Mike RothmanMike Rothman, Analyst and President at Securosis
@securityincite

What is one resolution every IT security executive should make for the coming year?

“Find some semblance of balance by spending more time doing non-security things. Security can be all consuming. So having hobbies or other activities that don't involve security can help recharge and in order to not get beaten down by the nature of the job.”

What’s the biggest cybersecurity threat facing companies in 2017?

“Not being able to find and retain security professionals. Attackers are gonna attack with more innovative attacks. That's always going to be the case. The constraint to almost every organization I talk to is the talent and skills to execute on the security program. So softer skills like personnel development and career growth need to be top priorities for every security manager.”


Bob TarzeyBob Tarzey, Service Director at Quocirca
@tarzey

What is one resolution every IT security executive should make for the coming year?

“Much of the activity of cybercriminals is automated so as attacks can scale. Make sure your defences can scale too; review all you cyber security measures and evaluate where more automation can be introduced. Free your staff to focus on exceptions!”

What’s the biggest cybersecurity threat facing companies in 2017?

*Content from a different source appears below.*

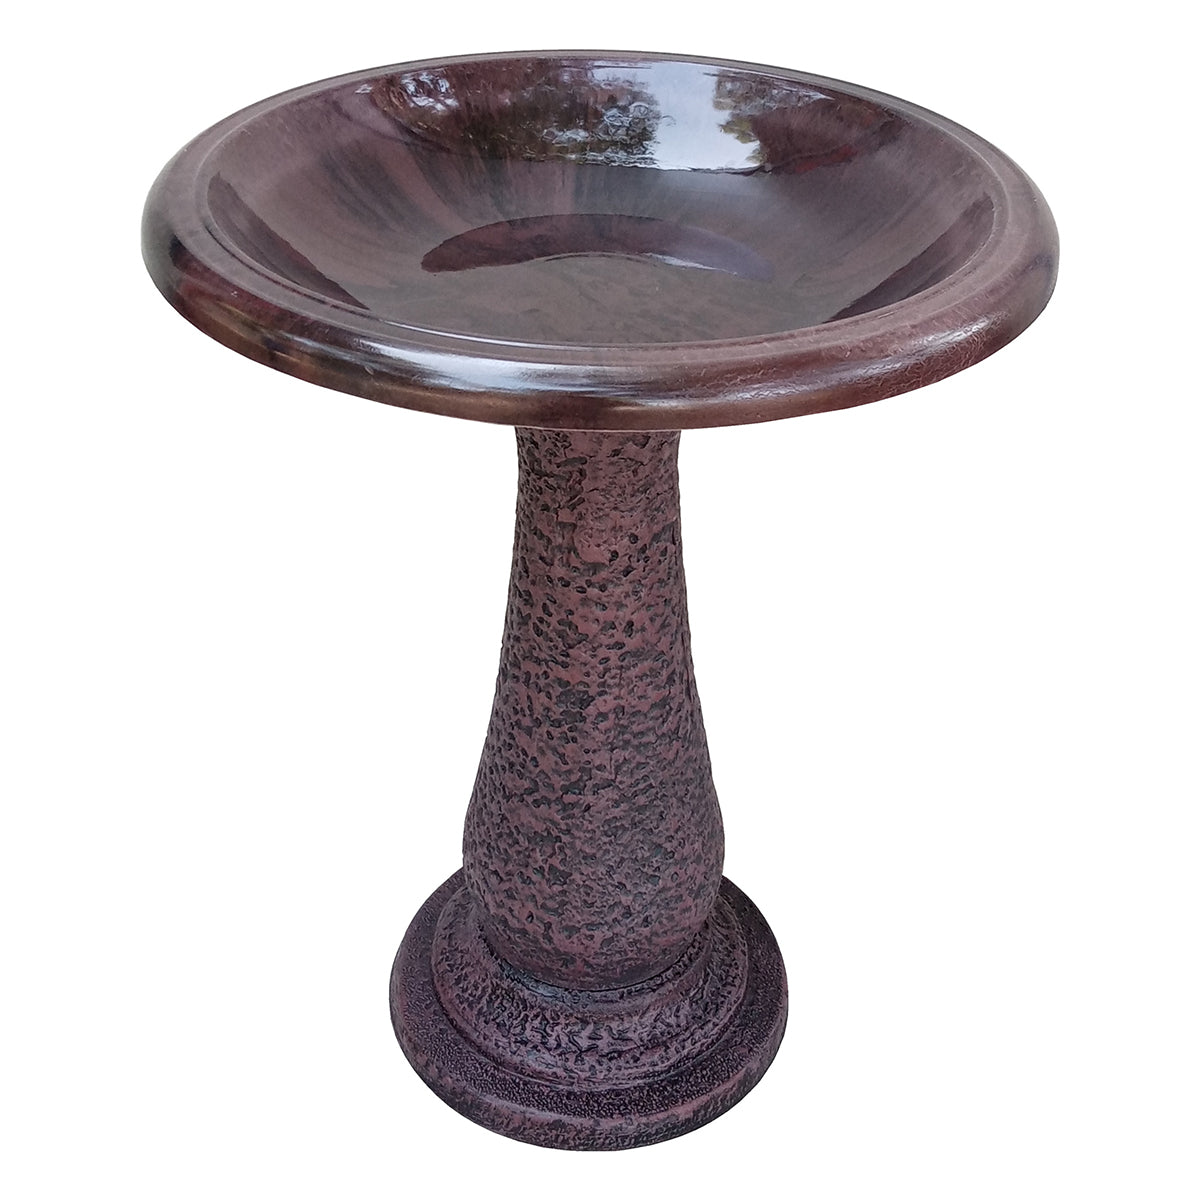 Antique Brown Fiber Clay Birdbath. Made of 70% clay, 25% plastic, and 5% fiber. Impact and shatter-resistant. UV protection. 19"D x 24"H 21"H base, 8 lbs.

“Users are and will remain the weakest link in cyber-security. For example, there have been reports that the recent attack on Tesco Bank in the UK was using ‘a tool that tested thousands of login and password combinations.’ Such attacks rely on poor user practice; the use of common passwords etc. There will be continued pressure from service providers and governments for users to improve their online security practices, along with more widespread use of stronger means of authentication and efforts to block the sort of automated threats that enable criminals to mimic users behaviour at scale. More breaches are inevitable and they will be more serious; however, it does not have to be your business. Those organisations with the most advanced practices and protections are the least likely to be impacted.”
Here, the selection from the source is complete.